104. The predictive scanning input system of claim 103, wherein the comparison means, compares each detected element to the plurality of sequences sequentially containing each of the previously detected elements, and upon determining that a detected element ends a sequence, the comparison means accesses the sequence.

105. The predictive scanning input system of claim 104 further comprising:

output means, operatively connected to the comparison means and the memory means, for outputting a prestored message corresponding to the accessed sequence.

106. A method of predictive input scanning for predictive selection of keys on a keyboard, comprising the steps of:

(a) selecting a key and simulating activation of the key upon maintaining selection for a first predetermined period of time;

(b) detecting simulated activation of the key and detecting a first element corresponding to the simulated activated key;

(c) storing a plurality of sequences, each including a plurality of elements, each element corresponding to one of a plurality of keys on the keyboard;

(d) determining which of the plurality of stored sequences begin with the detected first element, determining second elements as being elements of at least one of the plurality of stored sequences beginning with the detected first element which immediately follow the detected first element, and determining which of the plurality of keys correspond to each second element; and

(e) activating an indicator for each of the plurality of keys determined to correspond to each of the second elements to thereby define a limited number of second element keys for subsequent simulated activation.

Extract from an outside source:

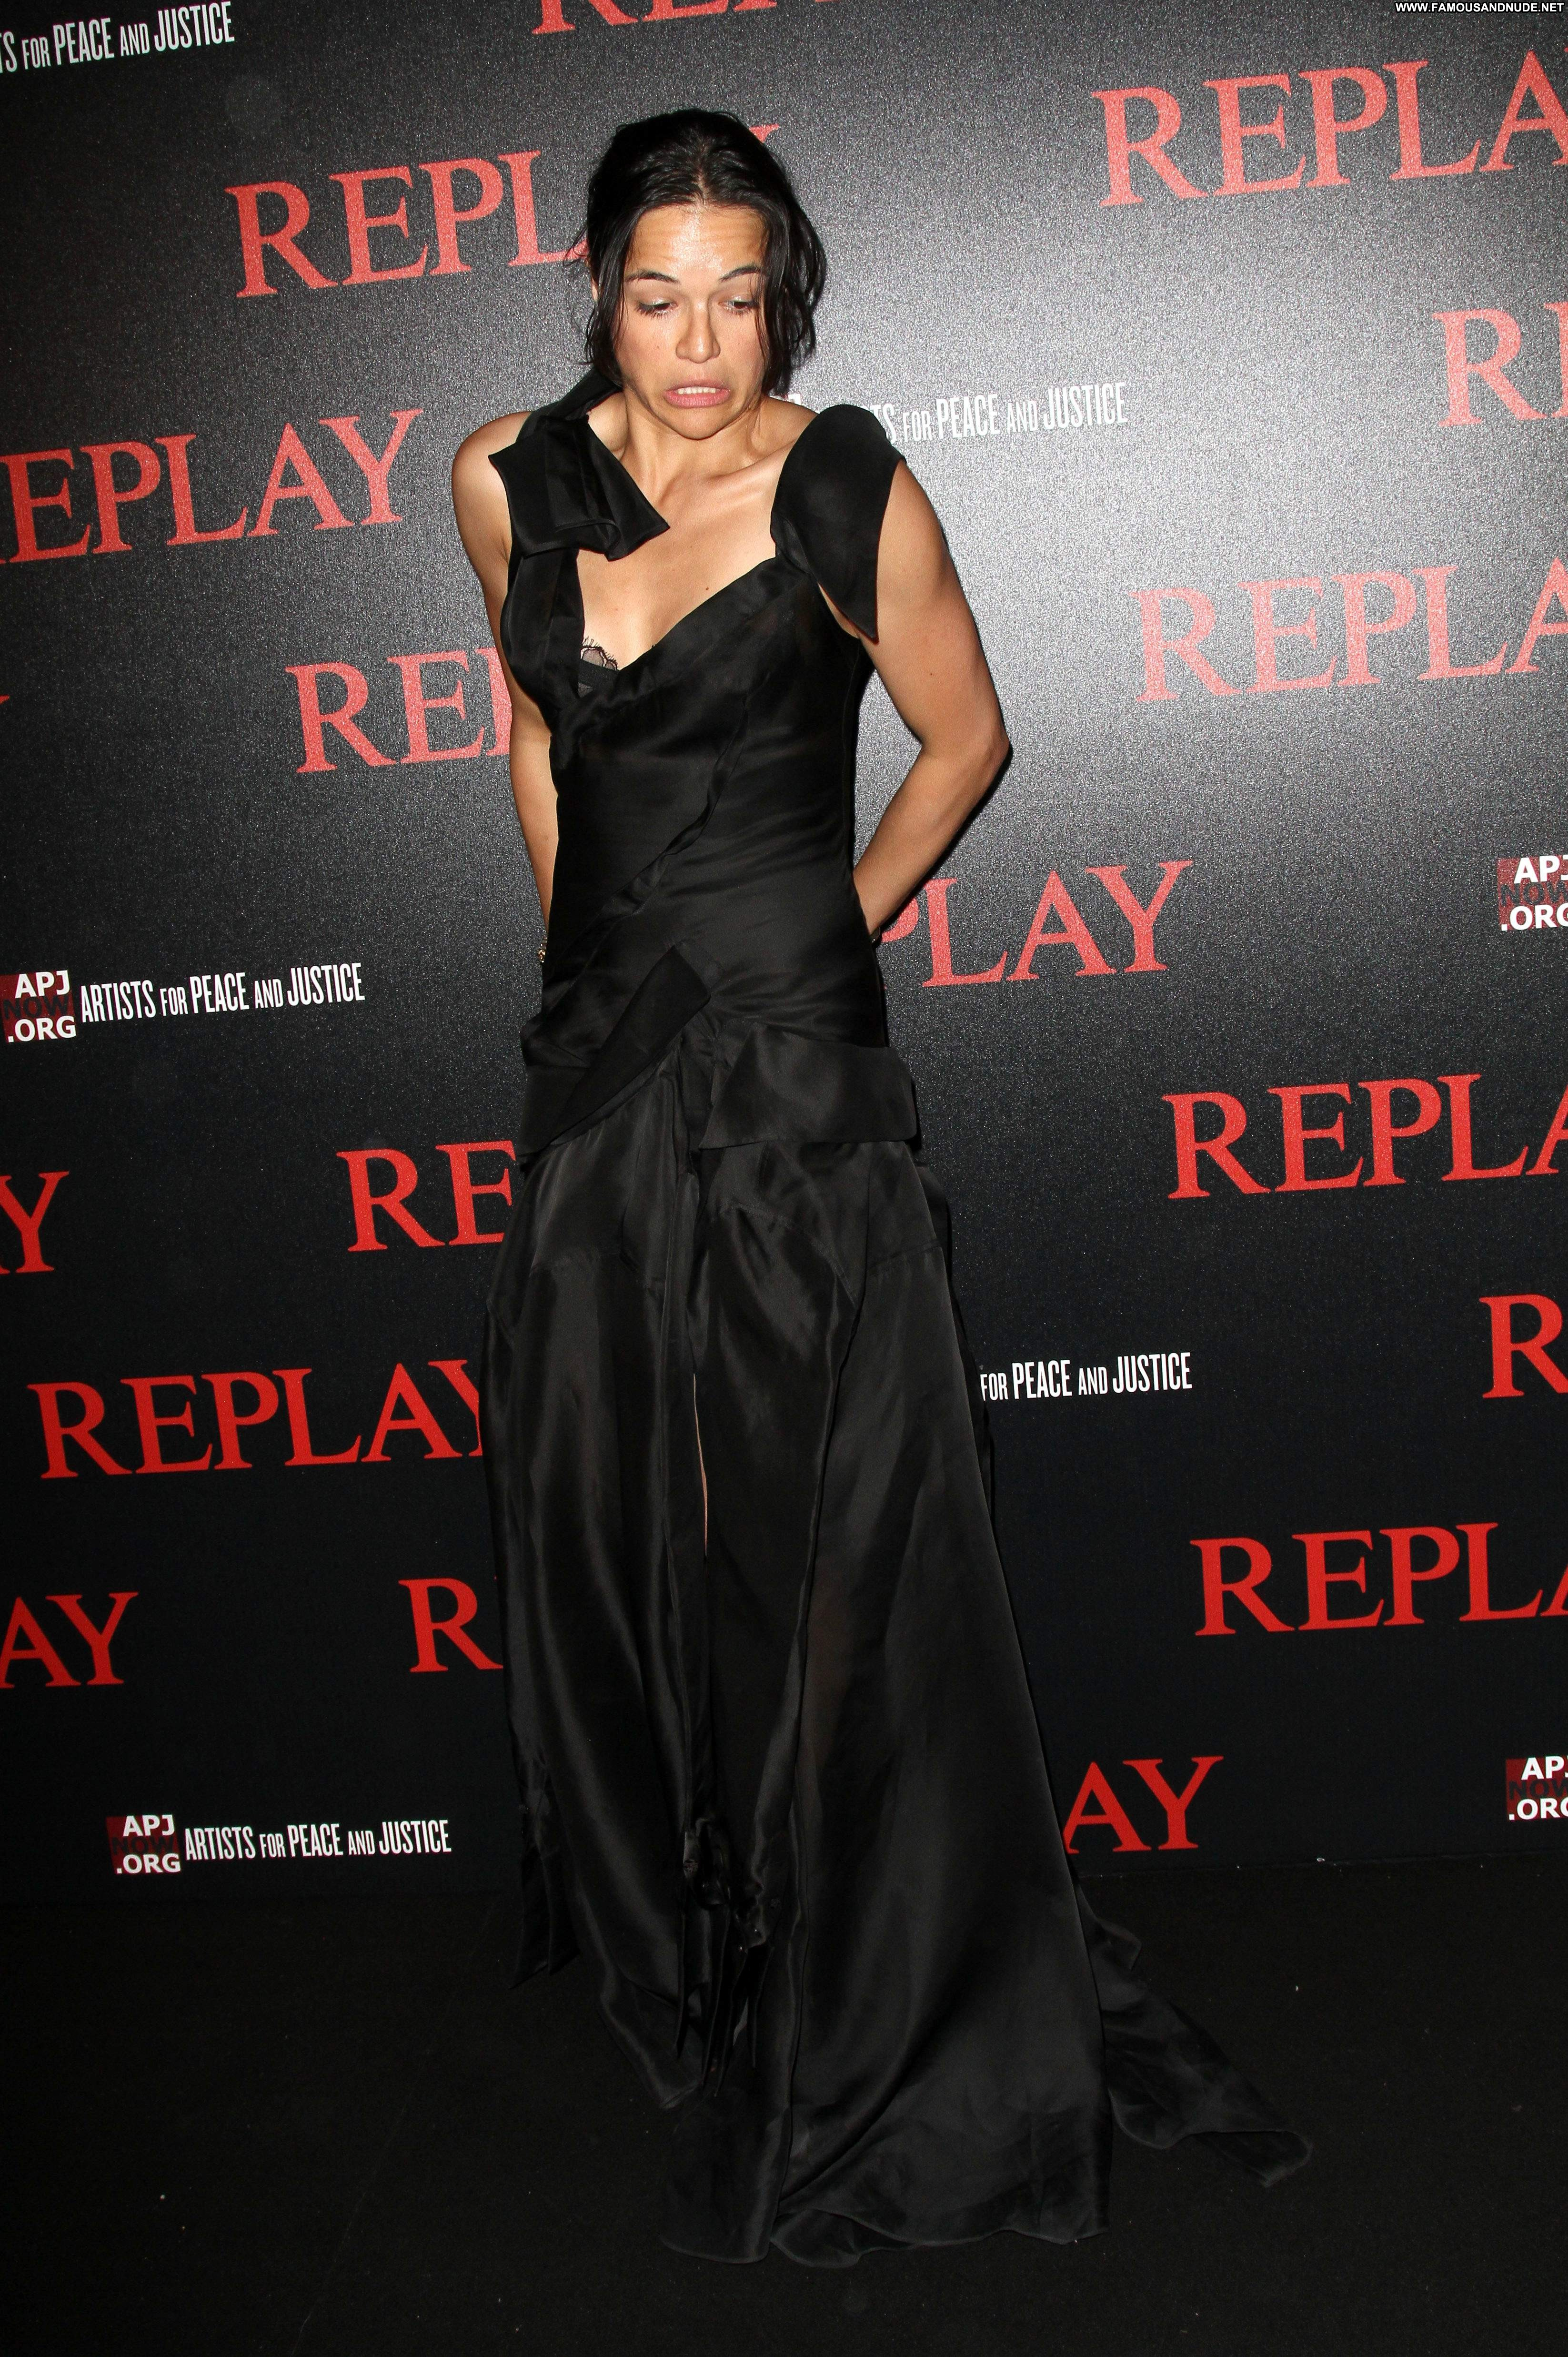 Michelle Rodriguez fully nude photos » Nudestan.com

107. The method of claim 106, further comprising the steps of:

(f) selecting a key and eventually simulating activation of one of the defined limited number of second element keys with an input device;

(g) detecting a selected key upon the input device maintaining selection of a key for the first predetermined period of time;

(h) determining if the selected key is one of the defined limited number of second element keys;

(i) detecting simulated activation of one of the defined limited number of second element keys and detecting the second element corresponding to the simulated activated key upon the selected key being determined to be one of the defined limited number of second element keys;

(j) determining a keyboard location of the selected key upon the selected key failing to be determined to be one of the defined limited number of second element keys;

(k) determining which of the defined limited number of second element keys is in closest proximity to the determined keyboard location; and

(l) detecting simulated activation of the determined closest proximate second element key and detecting the second element corresponding to the simulated activated key.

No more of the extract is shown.